By combining 256 hours of observations of the northern sky, astronomers have created a map showing 25,000 supermassive black holes. This is the most detailed celestial map in the field of so-called low radio frequencies.
The map covers 4 percent of the northern half of the sky. To create this map, scientists deployed supercomputers with new algorithms that correct the ionosphere’s effect every four seconds.
The astronomers, including Leiden astronomers, used 52 stations with LOFAR antennas spread across nine European countries.
Stars or black holes?
The map seems to have several thousand stars, but they are supermassive black holes located in separate, distant galaxies.
Research leader Francesco de Gasperin (formerly Leiden University, now Universität Hamburg, Germany) says about the study: “This results from many years of work on incredibly difficult data. We had to invent new methods to convert the radio signals into images of the sky.”

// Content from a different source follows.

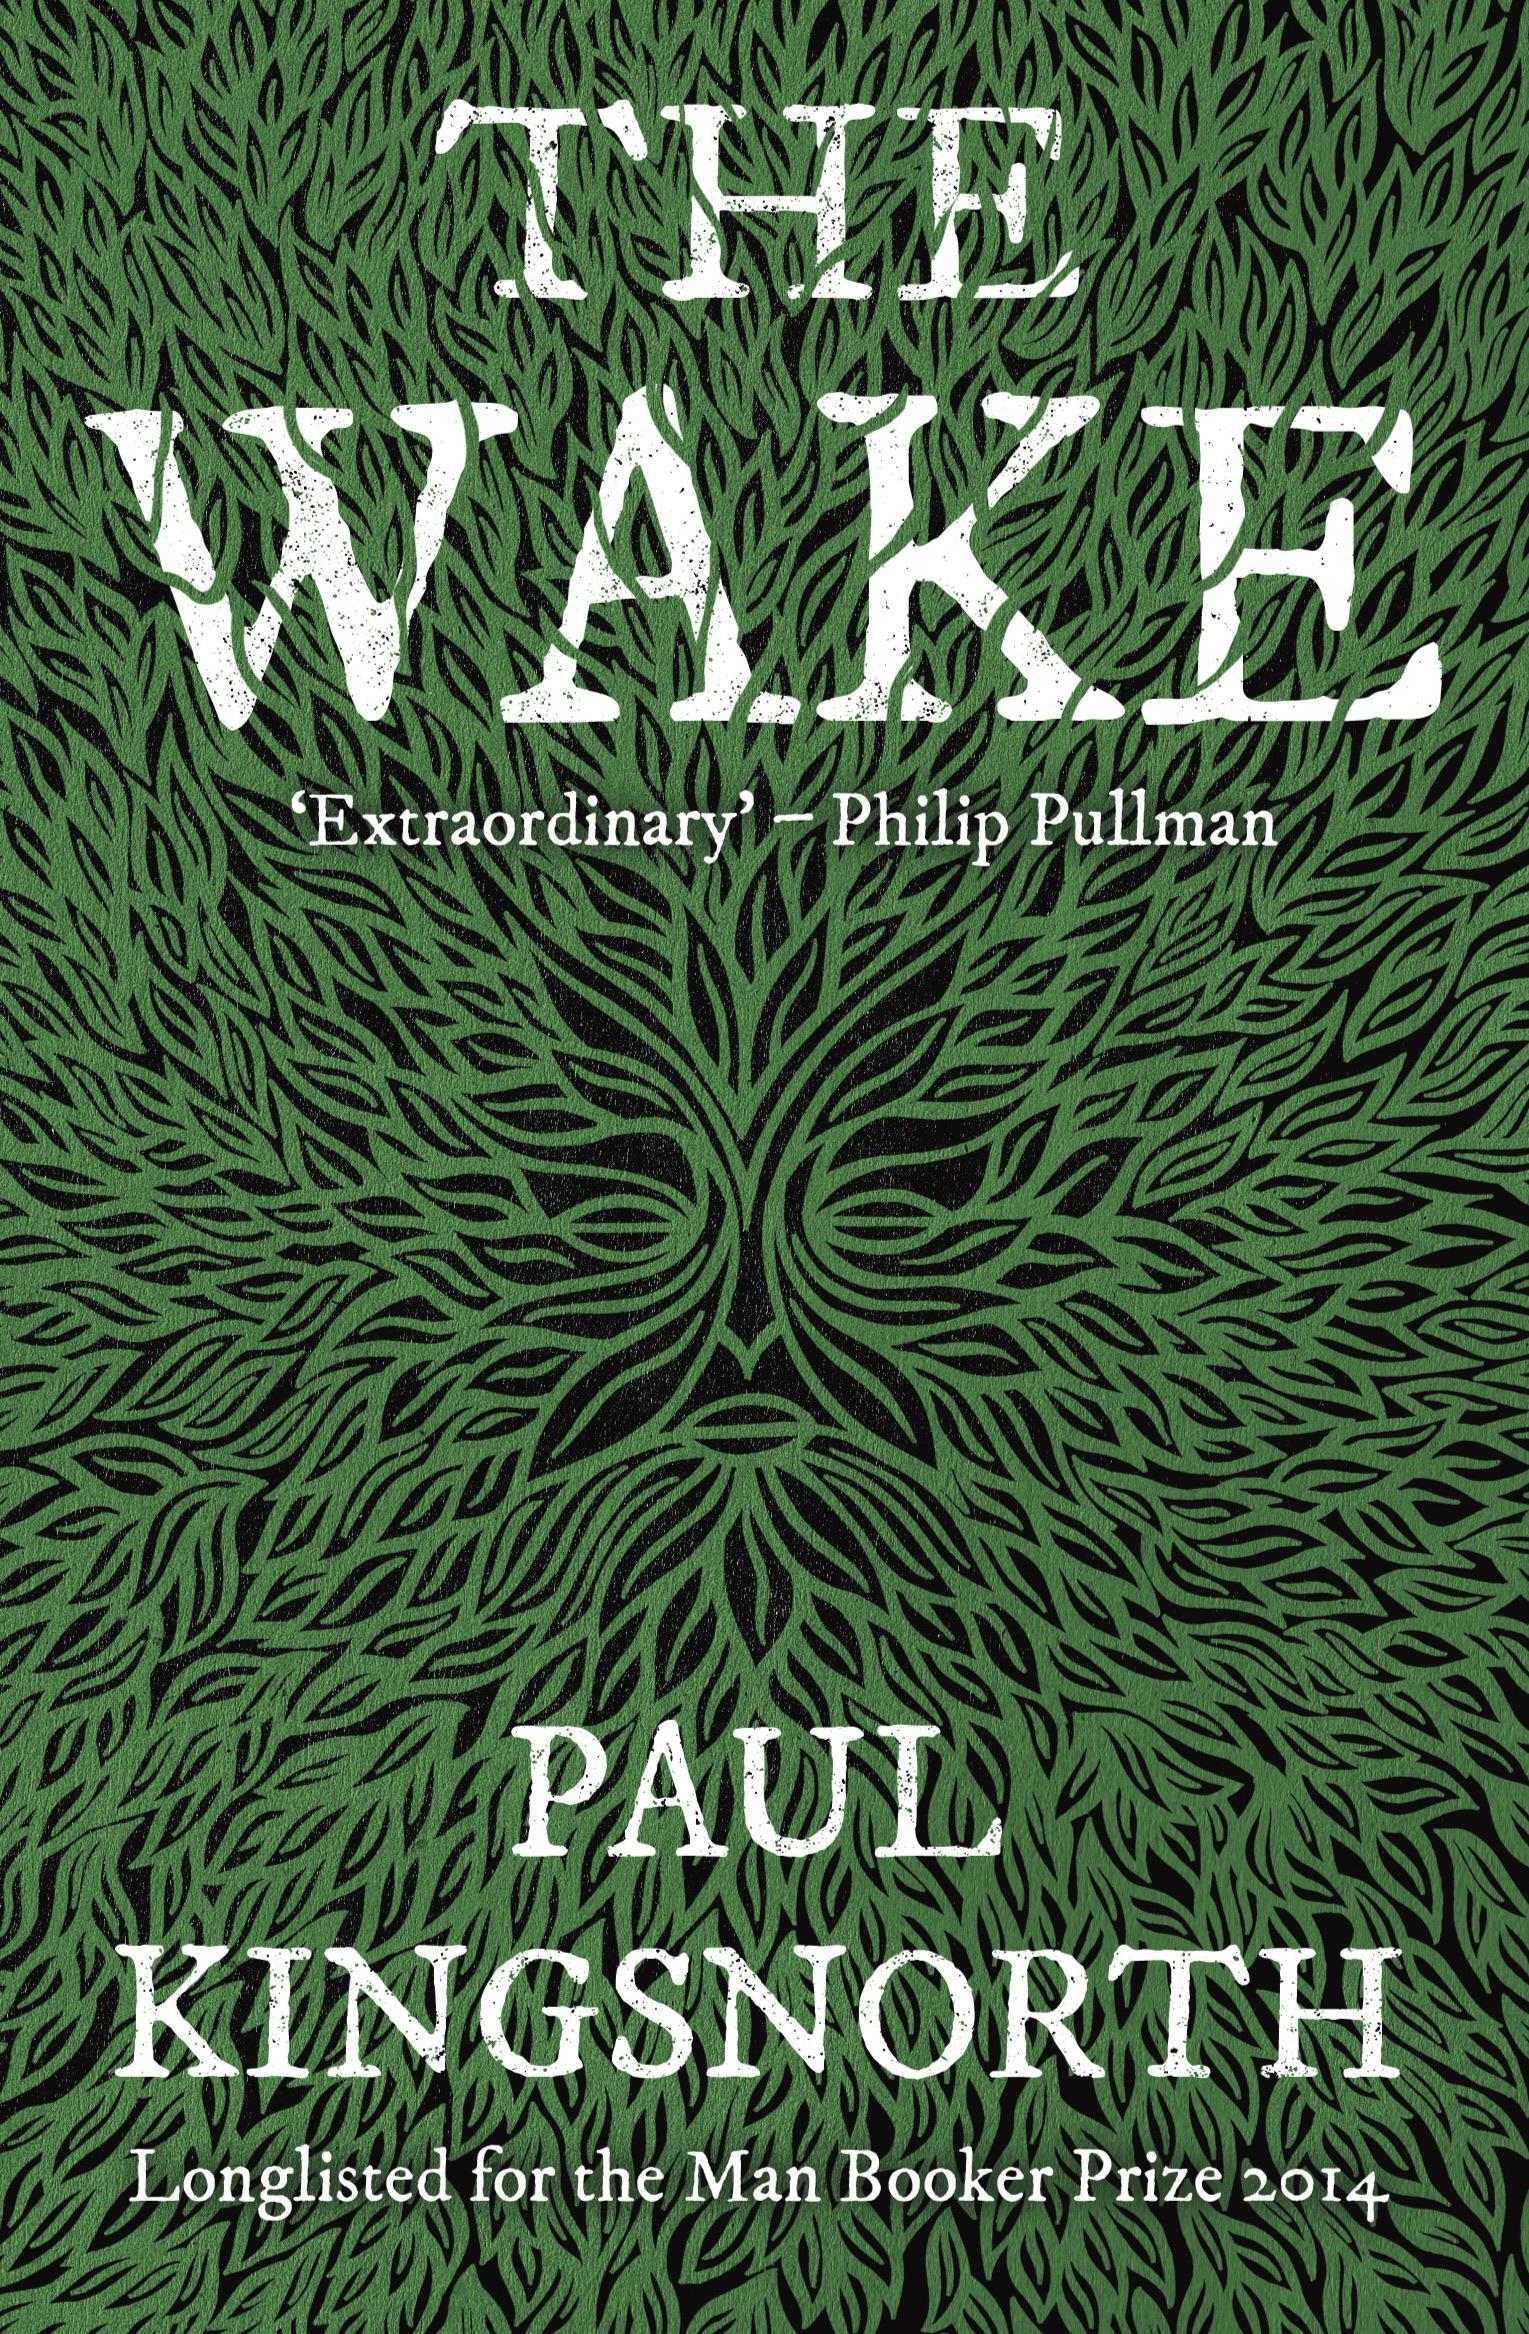 Wake - Paul Kingsnorth

Co-author Reinout van Weeren (Leiden Observatory) explains, “Observations at long radio wavelengths are complicated by the ionosphere that surrounds the Earth. This layer of free electrons acts like a cloudy lens that constantly moves across the radio telescope. It’s similar to when you try to see the world while immersed in a swimming pool. When you look up, the waves on the water of the pool deflect the light rays and distort the view.”
Along with supermassive black holes, the map offers a window to the universe‘s large-scale structure, among other things.
- F. de Gasperin et al. The LOFAR LBA Sky Survey – I. survey description and preliminary data release. (Free preprint).